Dr Snoek, nous observons de nombreuses réactions différentes de la part des personnes suite à la crise du COVID-19. Pourquoi les hommes réagissent-ils ainsi ?
Dans une situation telle que celle à laquelle nous sommes confrontés, on observe différentes réponses et manières de faire face. La plupart d’entre nous, sinon nous tous, ressentons un certain degré d’incertitude et nous nous inquiétons de notre santé ainsi que de celle des autres. Cela nous aide à réaliser la gravité de la situation et à respecter les recommandations concernant la distanciation sociale et le lavage des mains. La personnalité et la vulnérabilité mentale, c.-à-d. la « résilience », déterminent en grande partie la manière dont les personnes font face aux contraintes dues au coronavirus. Certains sont plus affectés que d’autres, physiquement et mentalement, mais aussi économiquement. Une minorité de personnes ressent une anxiété excessive et vit dans la peur, au point de limiter drastiquement son fonctionnement quotidien. Certains comprennent mal les véritables menaces et mettent la vie d’autres personnes en péril par leur comportement irresponsable.
Vous travaillez principalement avec des personnes diabétiques. Pensez-vous que cette situation aura un impact particulier sur le bien-être mental des diabétiques ? Si oui, dans quelle mesure ?
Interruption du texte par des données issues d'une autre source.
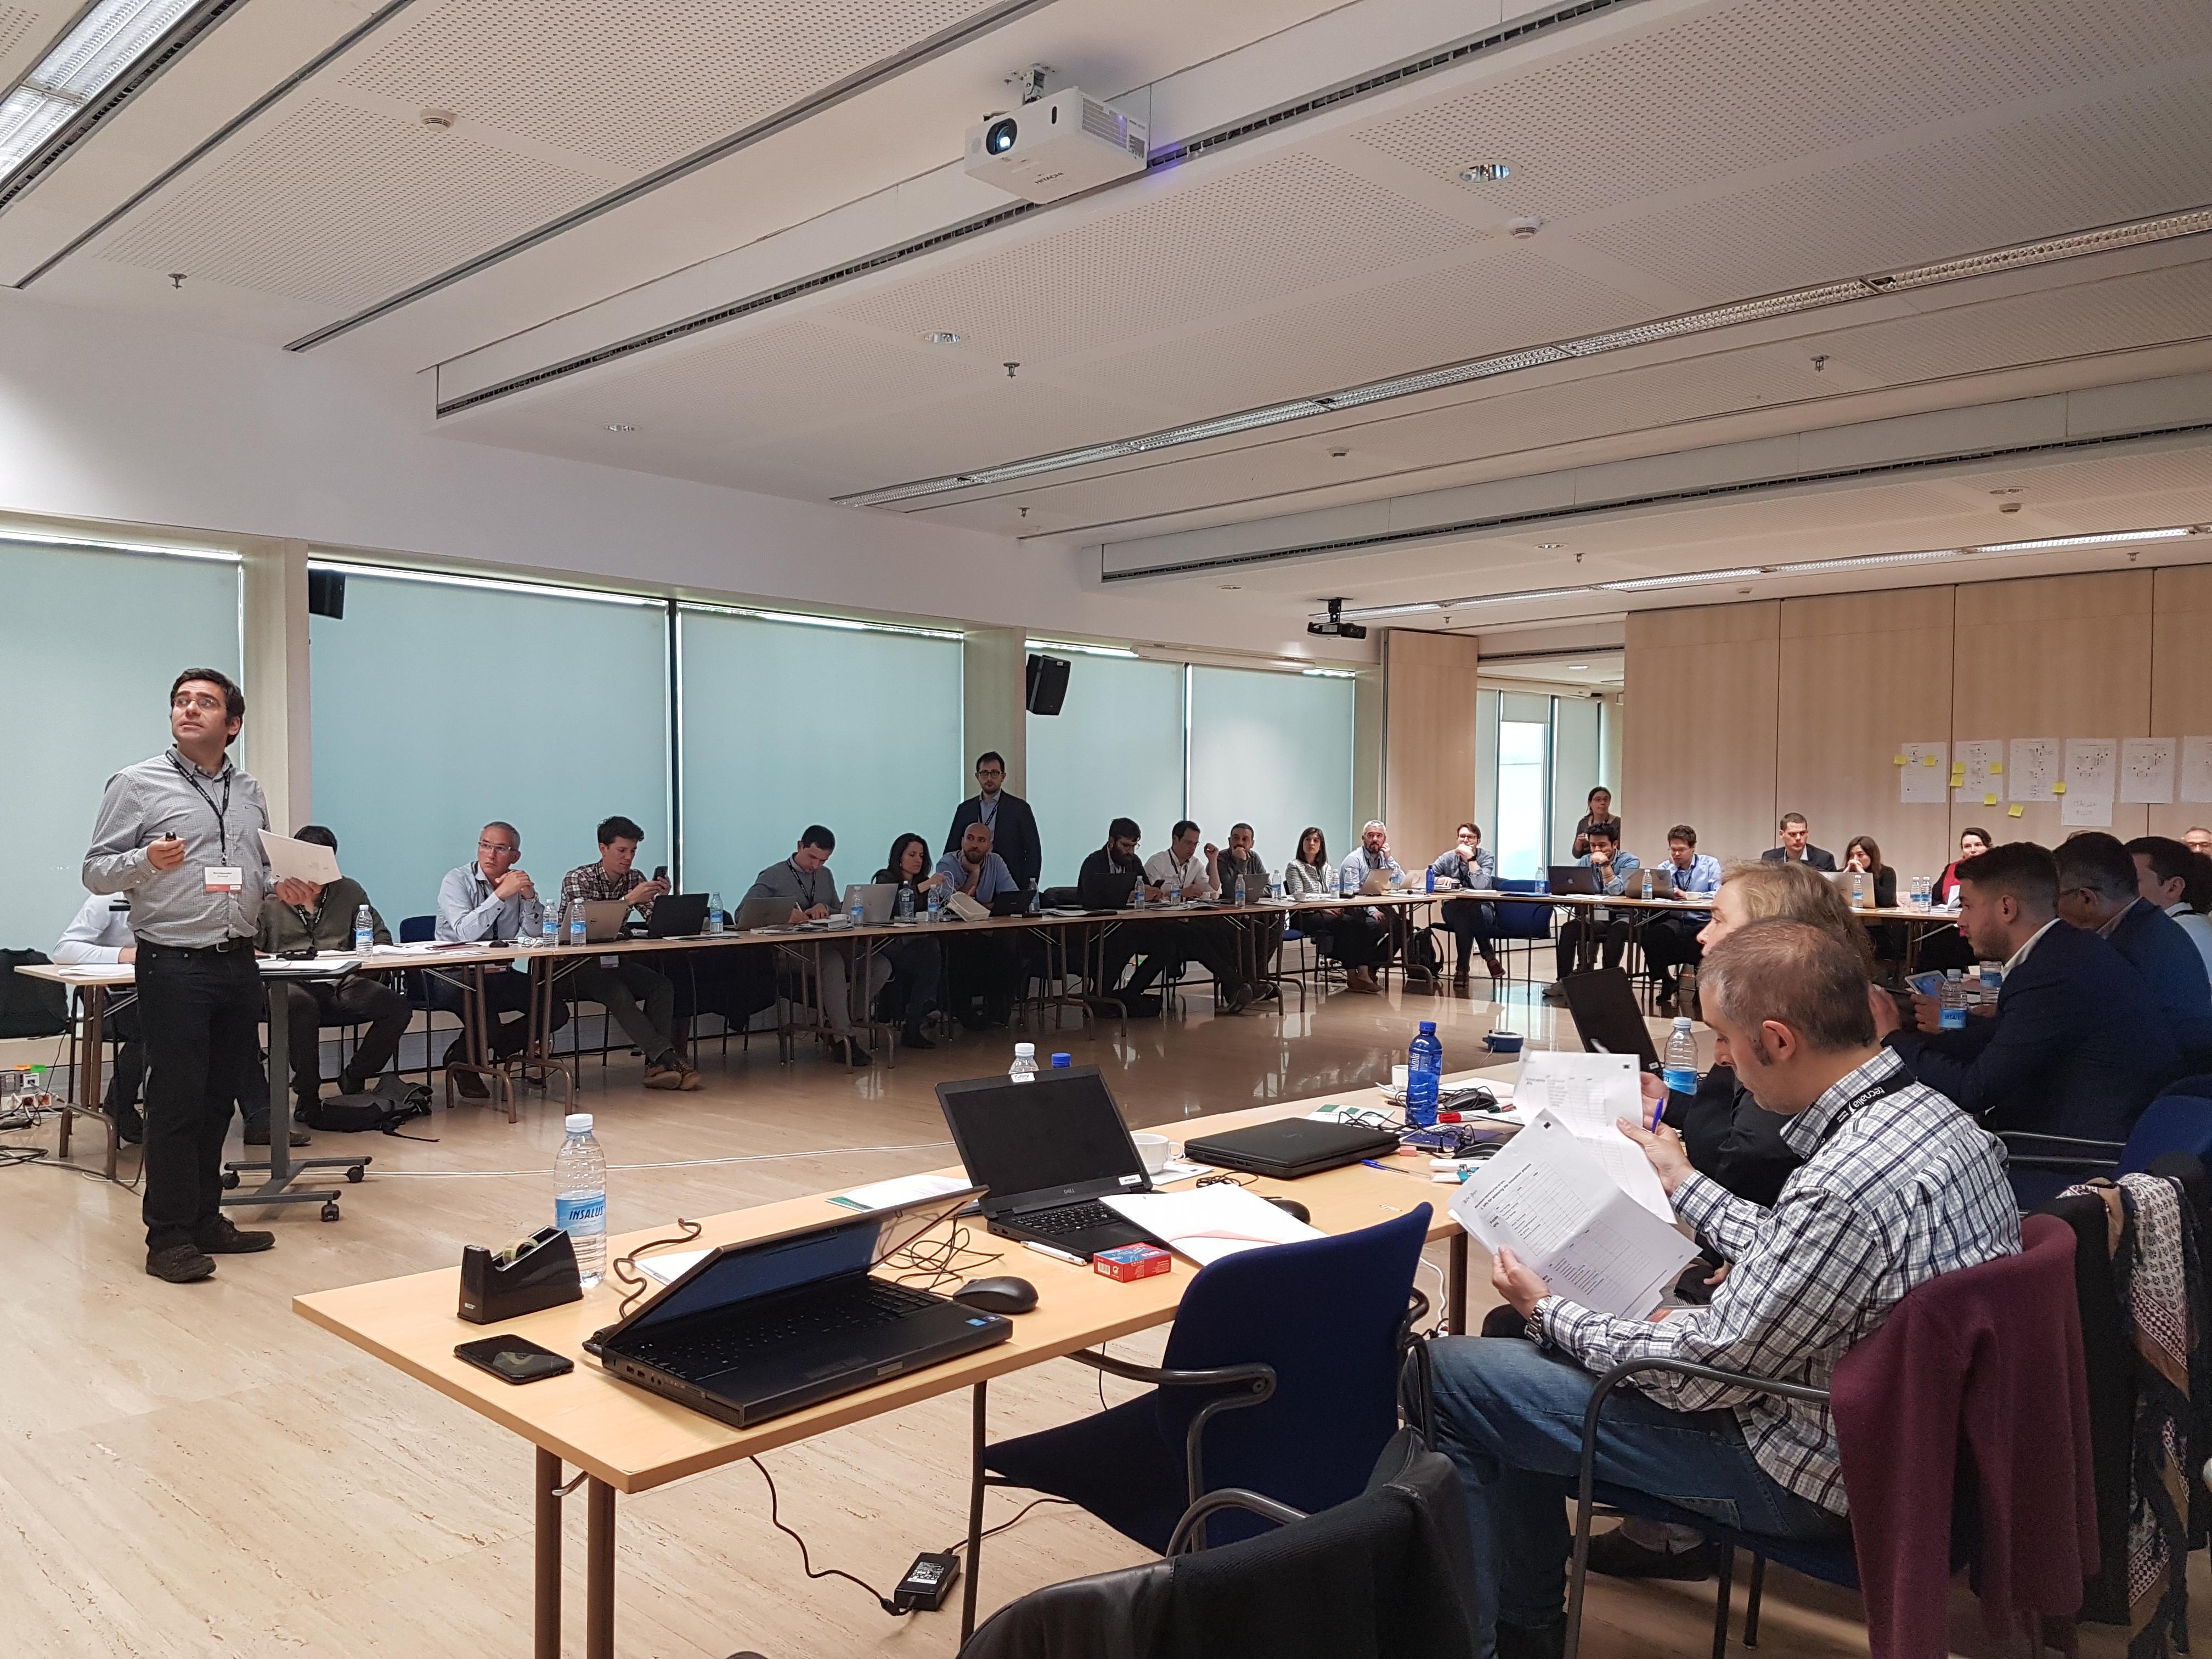 imagen 4 de noticia: continuamos-trabajando-en-el-proyecto-europeo-bim4ren-esta-vez-con-una-general-assembly-en-tecnalia

Je pense que les diabétiques peuvent être particulièrement touchés. Ils ont été identifiés comme particulièrement vulnérables, ce qui signifie qu’ils présentent un risque élevé de maladie sévère s’ils sont infectés. Cela n’est pas toujours vrai, mais c’est un poids supplémentaire s’ajoutant aux préoccupations que nous avons tous. Cela peut également entraîner une stigmatisation et une isolation sociale inutile. En outre, en raison du confinement, les diabétiques peuvent avoir des inquiétudes réalistes sur la disponibilité des médicaments et des technologies nécessaires à la prise en charge du diabète.
"Il est utile de se tenir à ce que vous connaissez et de respecter autant que possible votre routine quotidienne."
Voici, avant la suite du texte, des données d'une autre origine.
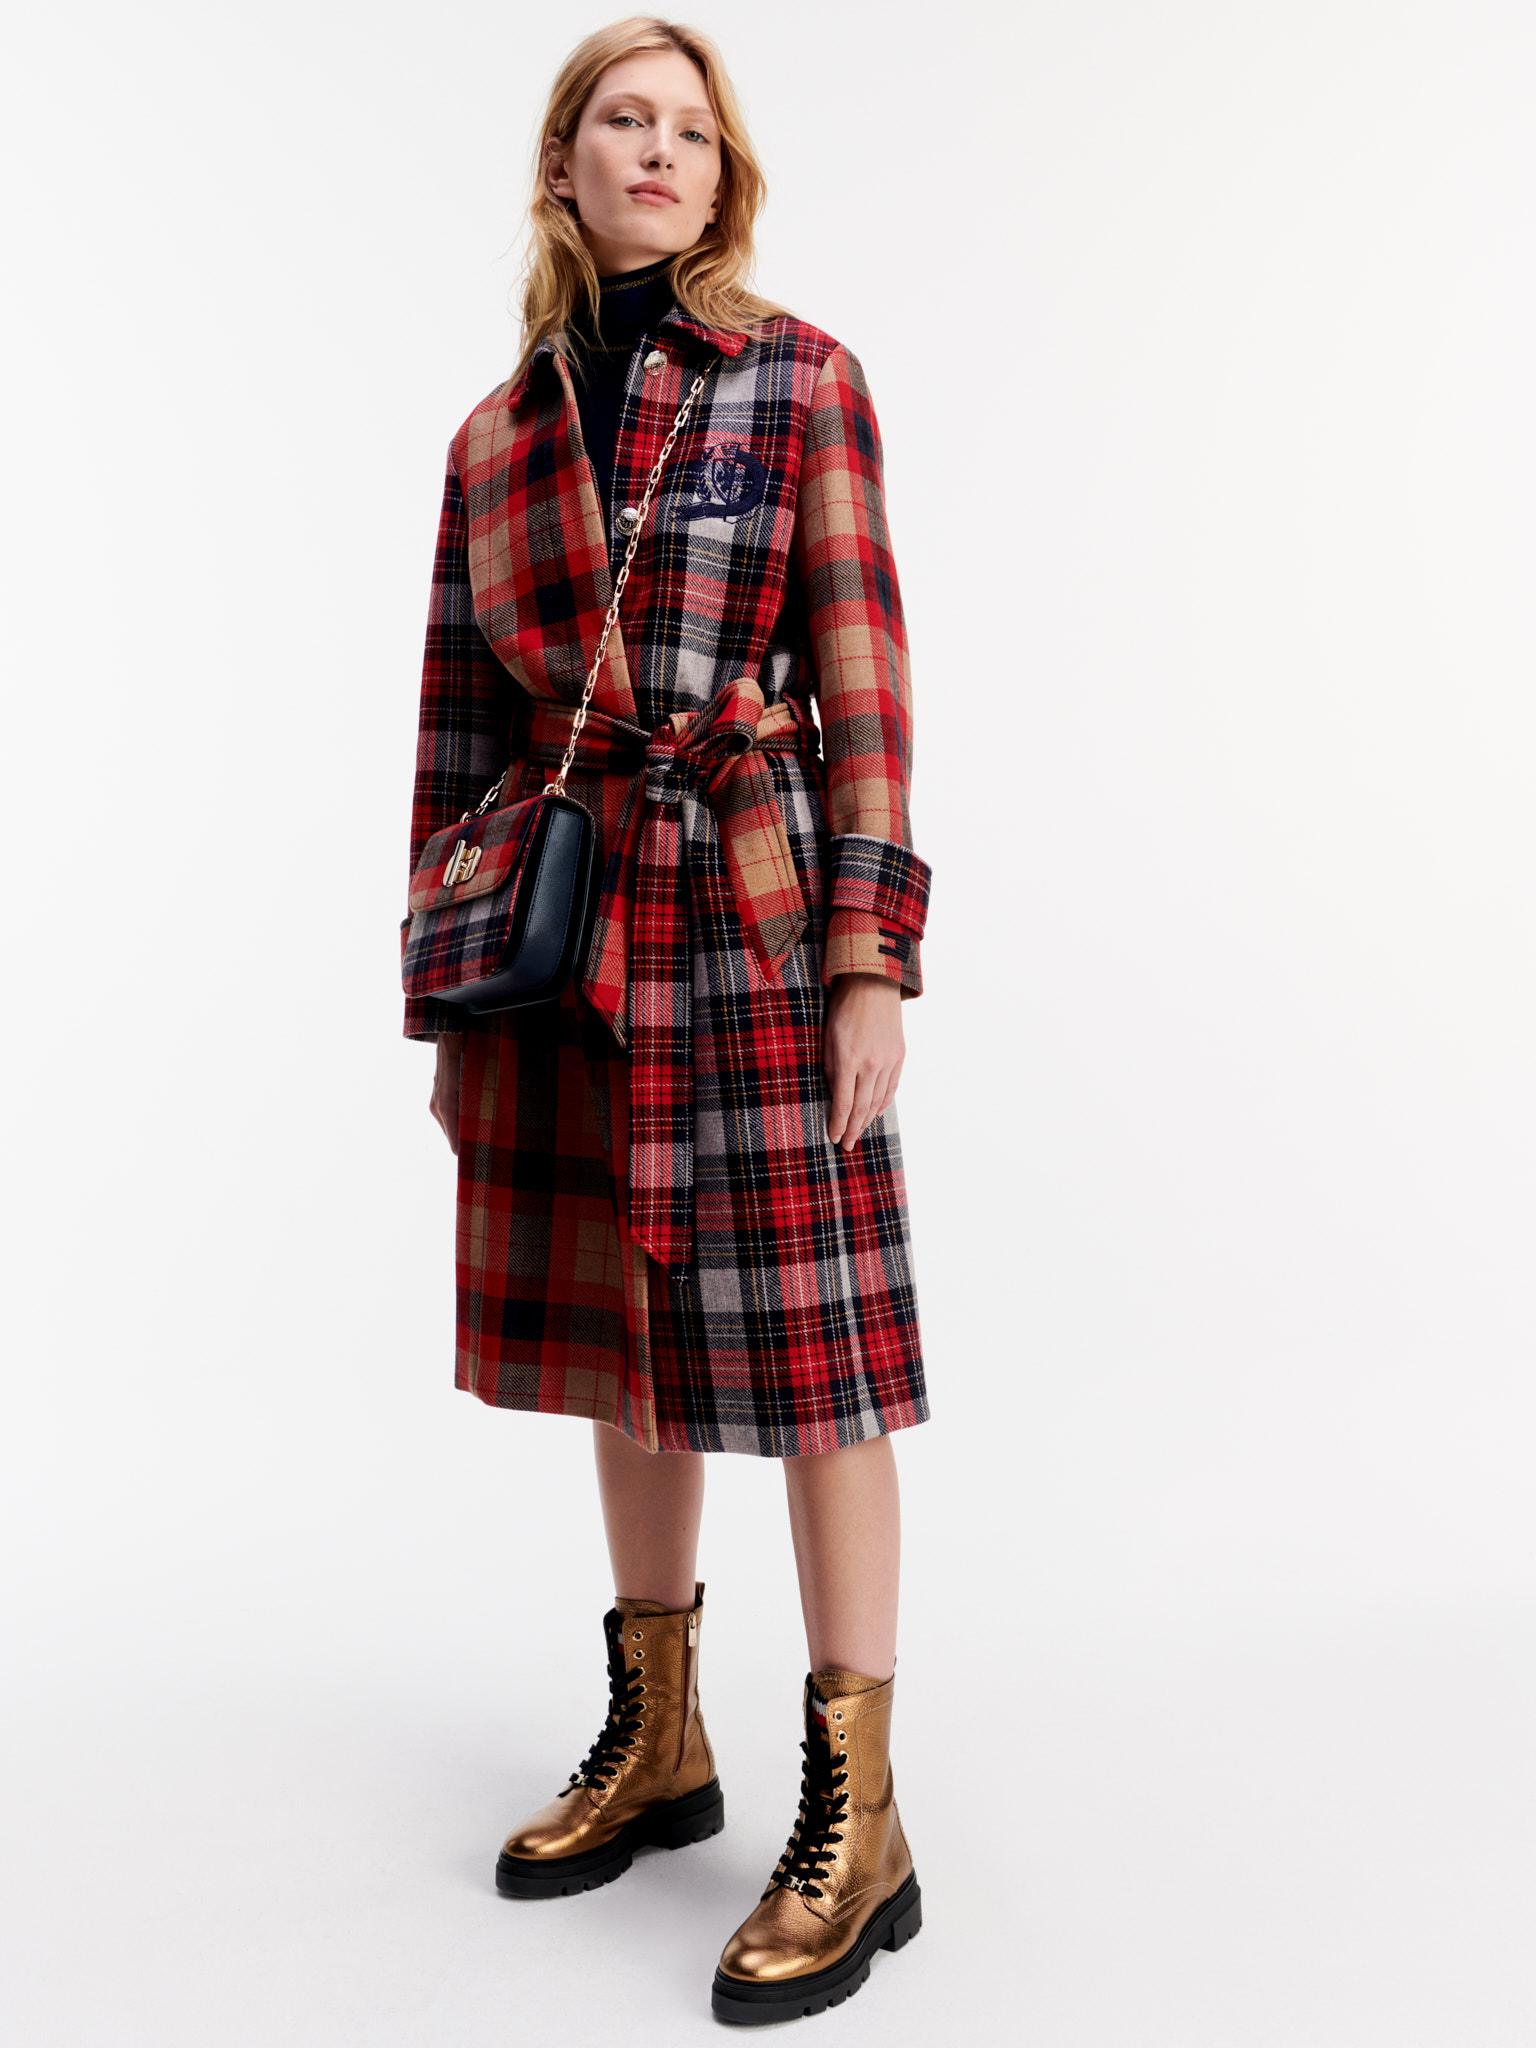 fa20_womenswear_look12

Quelles approches suggéreriez-vous afin de gérer l’anxiété d’une personne dans cette situation ? Quels conseils pouvez-vous donner aux personnes diabétiques ?
Tout d’abord, il est important de reconnaître que nos craintes et nos
préoccupations sont une réponse normale à une situation anormale.
C’est ainsi que l’homme réagit à la menace et à l’isolement. Exprimer
vos émotions et les partager avec des êtres chers peut vous aider.
Deuxièmement, en période d’incertitude, d’interaction sociale limitée
et d’isolement à domicile forcé, il est utile de vous tenir à ce que
vous connaissez et de respecter autant que possible votre routine
quotidienne. Ceci vous apporte un cadre sur lequel vous pouvez exercer
votre contrôle. Troisièmement, il faut réguler notre exposition au
flux continu de messages alarmants, et parfois aux informations
erronées, qui nous parviennent à propos de la propagation du COVID-19,
du nombre de décès, etc. Ces informations peuvent entraîner un état
d’hypervigilance et de stress. Se limiter à ne consulter les
informations que 2 à 3 fois par jour peut libérer de « l’espace »
mental, que vous remplirez mieux avec des éléments positifs et
notamment des questions que vous contrôlez.
"Contacter des êtres chers et soutenir ceux qui sont seuls peut s’avérer vraiment gratifiant."
Comment peut-on obtenir de l’aide pendant cette période de la part de ses amis, collègues et de ses proches ?
Les réseaux sociaux et le téléphone sont bien évidemment extrêmement utiles. Nous avons la chance d’avoir la possibilité de rester en contact et de nous soutenir virtuellement les uns les autres tout en gardant physiquement nos distances. Il est d’ailleurs extrêmement gratifiant de contacter des êtres chers et de soutenir ceux qui sont seuls, cela peut améliorer le bien-être général de même que la résilience.